Global classroom goes local

It’s one thing to study about countries like India from a classroom thousands of kilometers away and it’s another thing entirely to experience their cultures firsthand. That’s why, every year, thousands of American students participate in hands-on study abroad programmes organised by the School for International Training (SIT).
Experiential education
Established in 1964, the international organisation is located in Brattleboro, Vermont, and has a branch campus in Washington, D.C. It offers field-based academic study abroad programmes to undergraduates and accredited master’s degree and certificate programmes to graduates and professionals. SIT students come from across the globe, and include recent college graduates as well as experienced and mid-career professionals who want to sharpen their skills.
The institute’s close to 80 study abroad initiatives for undergraduate students in more than 30 countries include specially-themed programmes focused on India. Each of these is crafted to provide students with unique perspectives on issues ranging from public health to sustainable development.
The School for International Training describes its programmes as “experiential education,” wherein students spend considerable time interacting with local experts, leaders and institutions related to the themes of their programmes, like those on natural resources and refugee issues.“SIT programmes are known for their support of independent field study,” says Brian Hammer, academic dean for Asia and the Pacific at SIT Study Abroad. “One of the key outcomes of participating in our programmes is in-depth knowledge of a topic of interest to each individual student.”
Such personalised areas of focus are always related to the larger themes of each study abroad programme, but the specific topic of study is chosen by the students. They complete their semesters overseas by going deep into their chosen topics via a final, four-week Independent Study Project which, Hammer says, strengthens their connections with the people and places of their host countries.
Student stories
Denise DeFelice is a Philadelphia native in her third year at the University of Pennsylvania, where she is studying health and societies with a concentration in public health. She learned about the School for International Training’s India programmes from her classmates in her major and decided to stay in New Delhi to study Public Health, Gender, and Community Action.
“I was excited to learn about public health in a global context, instead of from my classroom in the United States,” she says.
DeFelice was drawn to India primarily because of the country’s diversity. “I was looking forward to learning a new language, wearing different clothes and adapting to cultural norms that are so different from my own,” she says. “I also wanted to learn about a culture that has been around for much longer than any other I’ve been exposed to.”
“Living in Delhi, specifically, has changed the way I interact with people,” DeFelice continues. “I am more bold, more open and more patient than I’ve ever been.”

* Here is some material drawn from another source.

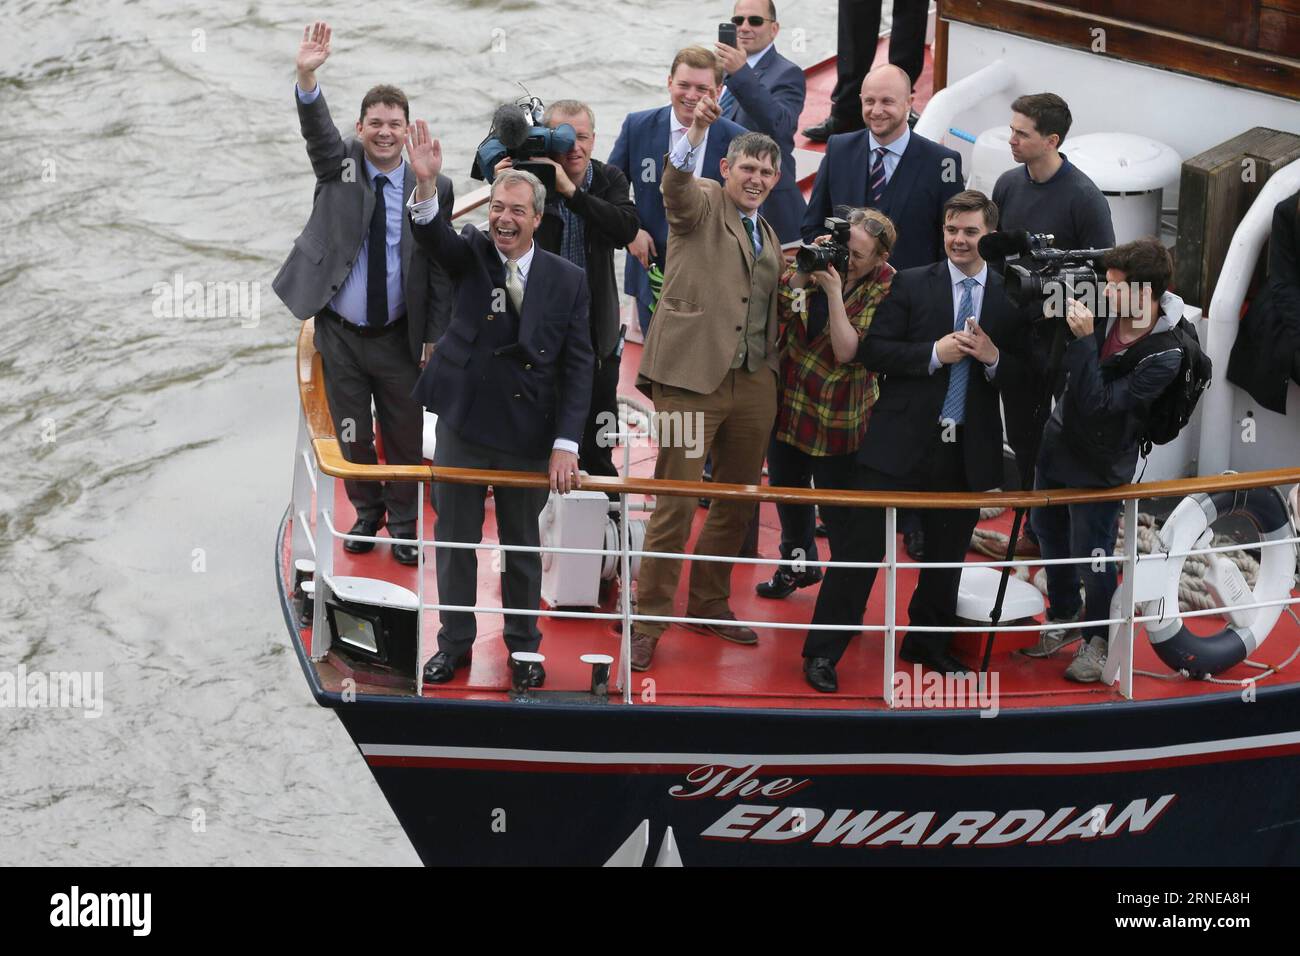 (160615) -- LONDON, 15. Juni 2016 -- Nigel Farage (2. L), Führer der britischen Anti-Immigrations-UKIP, winkt der Menge auf einem Boot einer Flottille während einer Kampagne zur Unterstützung Großbritanniens, die Europäische Union in London, Großbritannien, am 15. Juni 2016 zu verlassen. )(zhf) GROSSBRITANNIEN-LONDON-EU REFERENDUM-FLOTILLA-VOTE LEAVE TimxIreland PUBLICATIONxNOTxINxCHN 160615 London 15. Juni 2016 Nigel Farage 2. L Leader of Britain S Anti Immigration UKIP winkt der Menge AUF einem Boot einer Flottille während einer Kampagne, die Großbritannien unterstützt, die Europäische Union in London zu verlassen Großbritannien AM 15. Juni 2016 zhf Großbritannien London EU Referen Stockfoto

Elizabeth Curtis grew up in Boston, Massachusetts, and graduated from Williams College in 2017. She travelled to India in 2015 as part of a School for International Training programme in New Delhi, called Public Health, Policy Advocacy, and Community. She currently lives here as a recipient of the Fulbright-Nehru Student Research Fellowship.
Before travelling to India, Curtis had long known that she wanted to study abroad. When it was time to choose a programme, she felt that the School for International Training was a perfect fit. “With an emphasis on excursions, workshops with NGOs, meetings with local experts and community members, and a final one-month Independent Study Project for students to do fieldwork on the subjects they’re most passionate about, SIT was the programme that got me excited,” she says.
For her final Independent Study Project, Curtis researched community-based reproductive health programmes in rural Uttar Pradesh, focusing her efforts on government workers and institutions. She continues that work through her Fulbright fellowship.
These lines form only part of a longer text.